The model estimates that Alabama could have a shortage of 20,000 hospital beds, 3,900 intensive care beds and more than 2,000 ventilators.

At least 3,500 ventilators would be needed at the peak of the COVID-19 outbreak in mid-April, according to the IHME model. Last month, Alabama Hospital Association President Donald Williamson said the state has a surge capacity of about 800.

The same model projects that about 5,500 people could die from COVID-19 in Alabama by August. However, the model is live and is regularly adjusted. Earlier this week, it suggested that 7,000 people could die by August.

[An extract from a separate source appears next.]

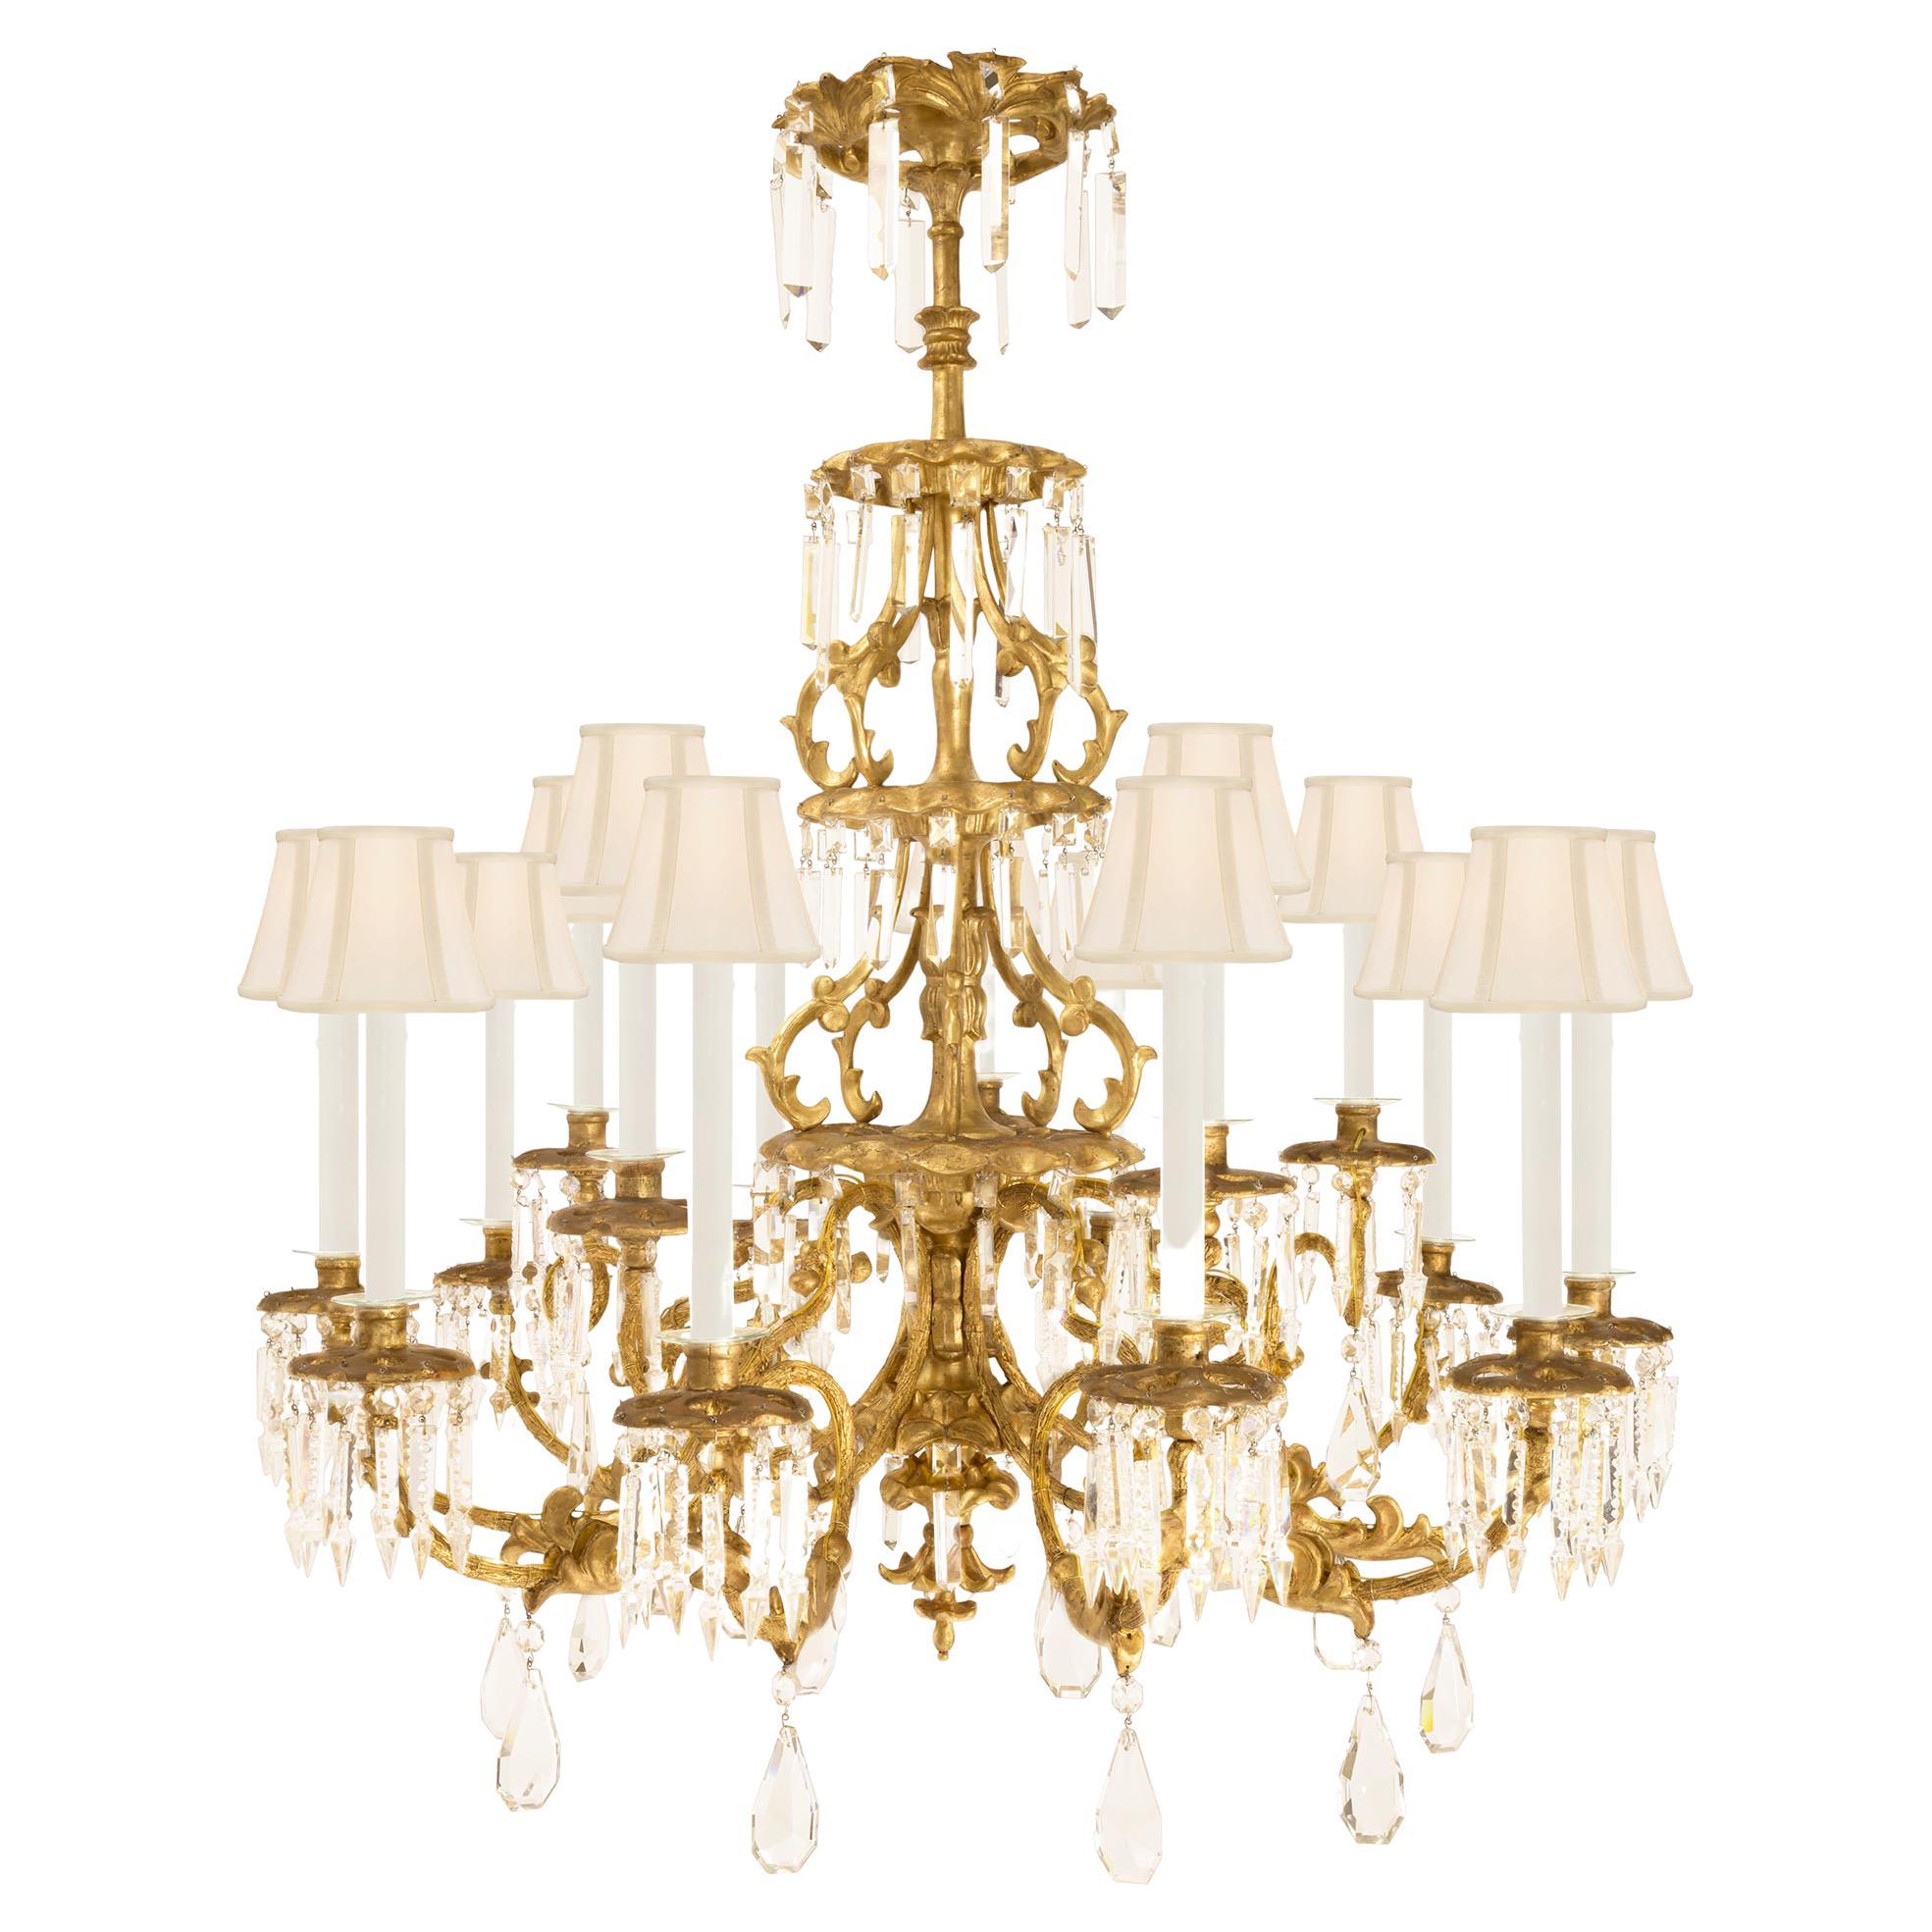 Italian Early 19th Century Tuscan Giltwood Chandelier For Sale

Harris said the state, over the past couple of weeks, has added a few hundred additional ventilators to its capacity by converting anesthesia machines and veterinary ventilators for use on those infected with the coronavirus.

“Yet, even with adding all of those ventilators, going up by a few hundred units, which means to tell you that we’re still using around the same percent of all of our ventilators even though the number [of ventilators] is going up,” Harris said. “So we know that there are more patients on ventilators.”

The state health officer said some hospitals in the state are already struggling but others are cooperating to share resources.

“They are really working hard to make sure that they have what they need, and we’re trying very hard, along with the governor’s office, to make sure that Alabama has enough inventory,” Harris said.